アメリカ革命とフランス革命はどちらも、権利の平等を絶対的な原理として認めた――当時としては進歩的な立場だ。でも実際問題としては、19世紀を通じ、こうした革命から生じた政治体制は、主に財産権保護に専念したのだった。
トマ・ピケティ『21世紀の資本』山形浩生 守岡桜 森本正史 訳 みすず書房 500頁
権利の平等を絶対的な原理として認めることは大切なことだとは思います。
しかし、権利の平等を絶対的な原理として振りかざしたところで誰も相手にしないでしょう。
実際のところ、権利は平等ではありません。権利を行使できる人と権利を行使したくてもできない人とがいます。よって、権利は平等とはいえないでしょう。
簡単に言うと、財力がある人にとっては、権利は行使しやすく、実際、行使しています。また、権利を行使する術を知っています。
財力がない人は、権利を行使したくとも、どのように行使すべきかを知りませんし、知ったところで、タダで権利を行使することはできず、それなりのお金がかかります。そのそれなりにお金すらないのが財力のない人ですから、権利は平等という以前に、そもそも財力のない人にとっては権利などないのですね。

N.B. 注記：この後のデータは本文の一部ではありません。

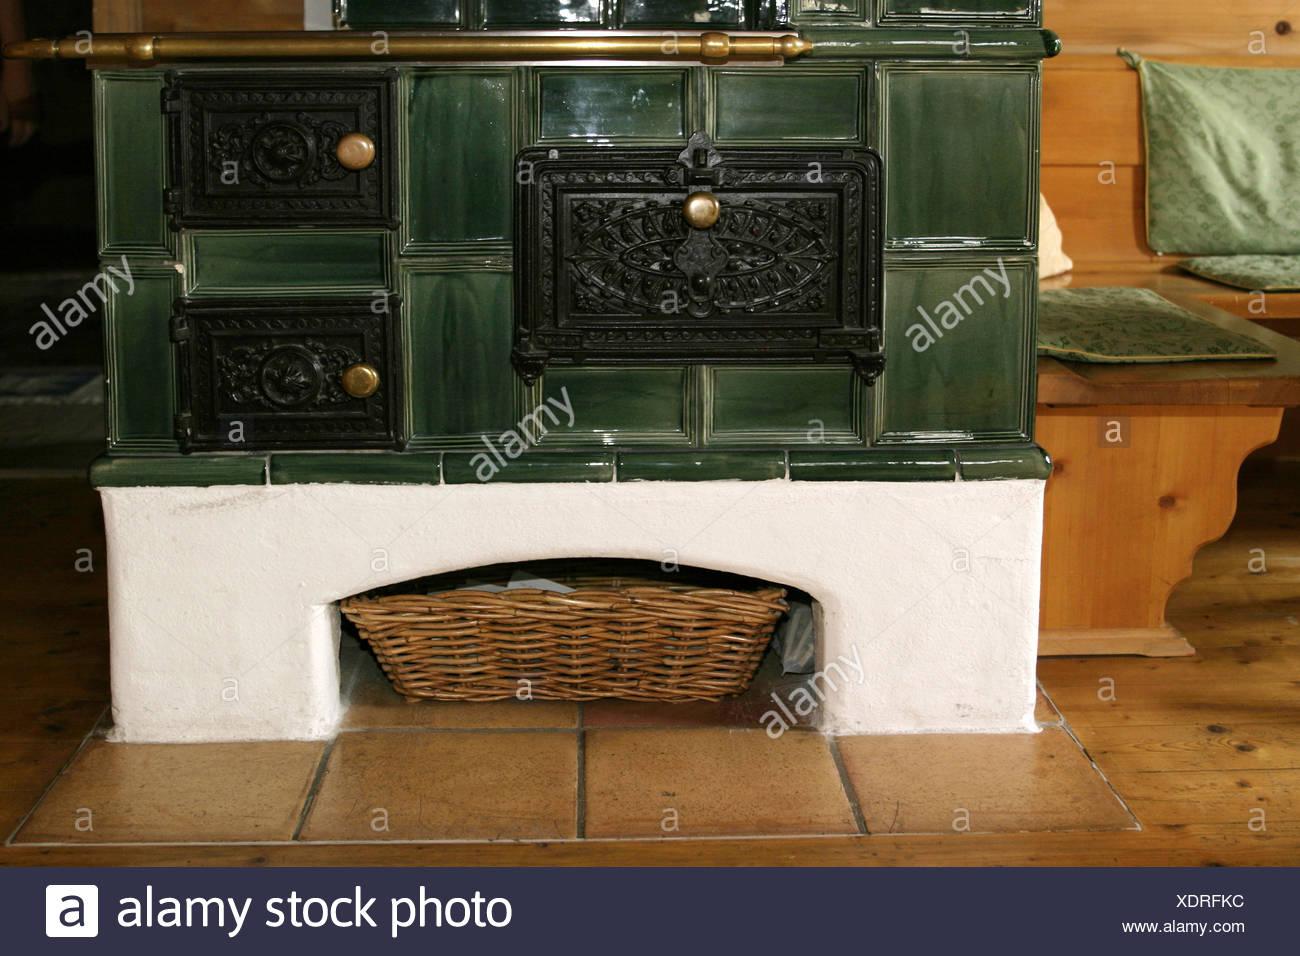 Full Size of Wandverkleidung Küche Wohnraum Müllschrank Griffe Miniküche Läufer Edelstahlküche Gardine Holzküche Aufbewahrung Billig Wasserhahn Für Abluftventilator Wohnzimmer Wandverkleidung Küche

権利を行使できる人、つまり、財力がある人が政治体制を作り上げますから、財産権保護に専念するのは当たり前でしょうね。
財力のある人は、建て前では、権利の平等を絶対的な原理として謳ったにしても、本音では、権利が平等なわけがないと思っているわけです。当然でしょうね。
左がかっているのかどうかは分かりませんが、権利の平等を絶対的な原理として叫んでいる人がいますが、よく見るとただの貧乏人であったりします。
まずは、真面目に働けば、と思ってしまいますし、まずは、貯金すれば、と思いますね。
権利、権利と言えば、どうにかなるというその発想が貧困なのですね。よって、生活も貧困というわけです。
現実の世の中をみれば、建て前と本音とがあり、それを上手に使い分けることが大切なのですね。
いつまでも子供じみたものの考え方で生きていくのは危険極まりないことです。厳しくとも現実を見つめ、そのメカニズムを解明していく癖を付けておく必要があるでしょう。